Calls like execvp() do little more than splitting PATH on ':', followed by repea...

criddell · on May 11, 2022

Is that ever going to be a hot path?

naniwaduni · on May 11, 2022

It's probably not exactly going to be hot, but even failing execve is inherently semi-expensive since it needs to be a syscall and incurs context switches.

It's just outweighed a couple orders of magnitude by all the overhead that comes with a successfully launching another executable unless you have, like, a thousand junk paths in your PATH.

hnlmorg · on May 11, 2022

Theoretically can be. Every command you invoke without a path will need to look up PATH.

In practice well behaving shells cache the contents of PATH to speed up operations.

mekster · on May 11, 2022

Sounds like they need fixed for inefficient handling of simple operation.

rascul · on May 11, 2022

The fix is for the user to use a smaller $PATH when possible.

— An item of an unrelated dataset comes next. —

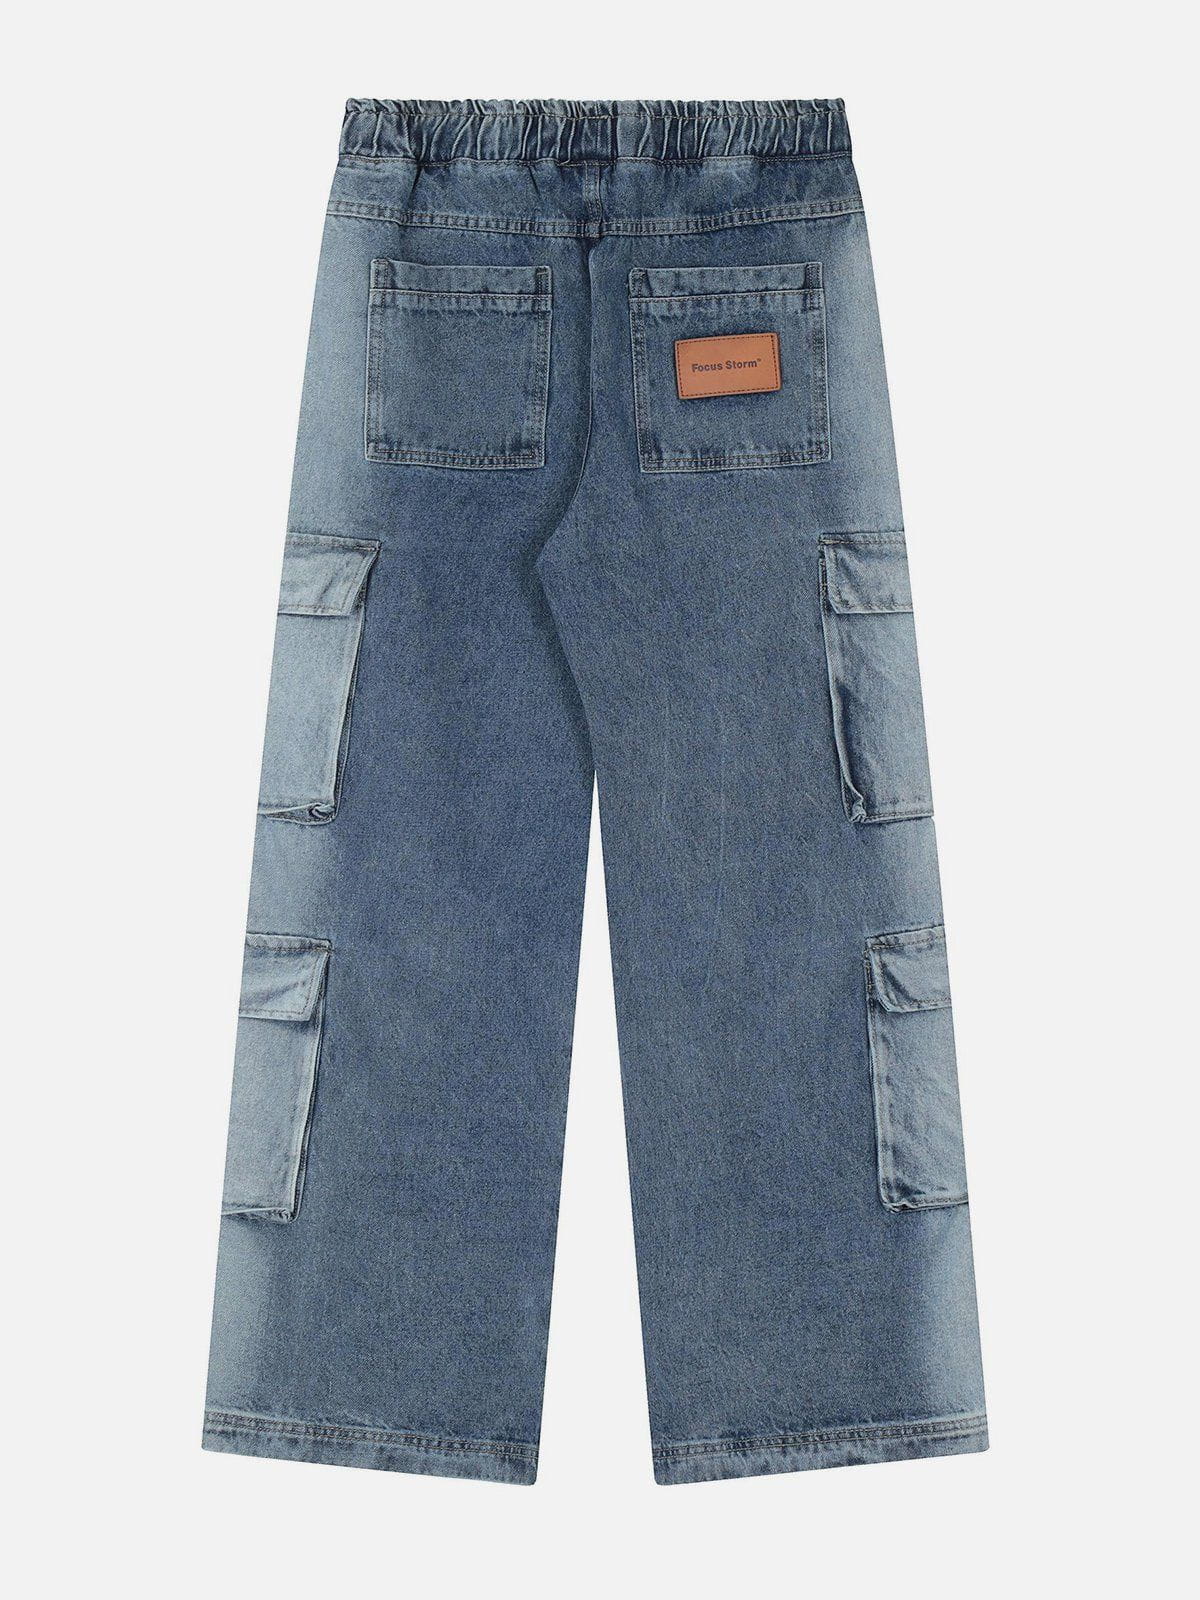 Eprezzy® - Multi-Pocket Washed Jeans Streetwear Fashion - eprezzy.com

Any method of checking that the command exists and is executable before trying to execute it leads to TOCTOU race conditions.

https://en.wikipedia.org/wiki/Time-of-check_to_time-of-use

koenigdavidmj · on May 11, 2022

I’m assuming you are proposing to stat each candidate before trying to execve it. I’m also assuming that a stat system call is roughly as expensive as an execve of a nonexistent or non-executable path.

For every failed candidate, you are doing one system call, so roughly the same cost each way.

Now if you just do an execve, you’re just paying that cost. If you stat first, you pay the cost of another system call that doesn’t change the flow of your program at all (a nice way of saying you’re wasting time).

Unless stat is dramatically faster than exec on a nonexistent or non-executable path, there’s never a case where this is better.

naniwaduni · on May 11, 2022

Context switches could straightforwardly be saved by doing the PATH splitting and lookup in-kernel, or just providing a list of executable paths to check.

It didn't work out this way historically (doing unnecessary string processing, requiring extra memory, could've been more expensive than the context switches), and the performance impact of failed execve isn't normally a high priority, and there are other reasons not to want stuff in the kernel (not that it stops frankly less critical stuff from getting in the kernel), but there's definitely low-hanging fruit here if it like, mattered.

EdSchouten · on May 11, 2022

Enlighten me how you would implement it instead.

nonameiguess · on May 11, 2022

It's not really an accurate description anyway. Most shells will only perform the PATH lookup one time per command, then store the found fully-qualified file path in an in-memory hash table for quicker lookup each subsequent invocation. This is why you need to blast the cache if you delete or move an executable. Plus, many common utilities are replaced by shell built-ins anyway and they never require directory traversal at all.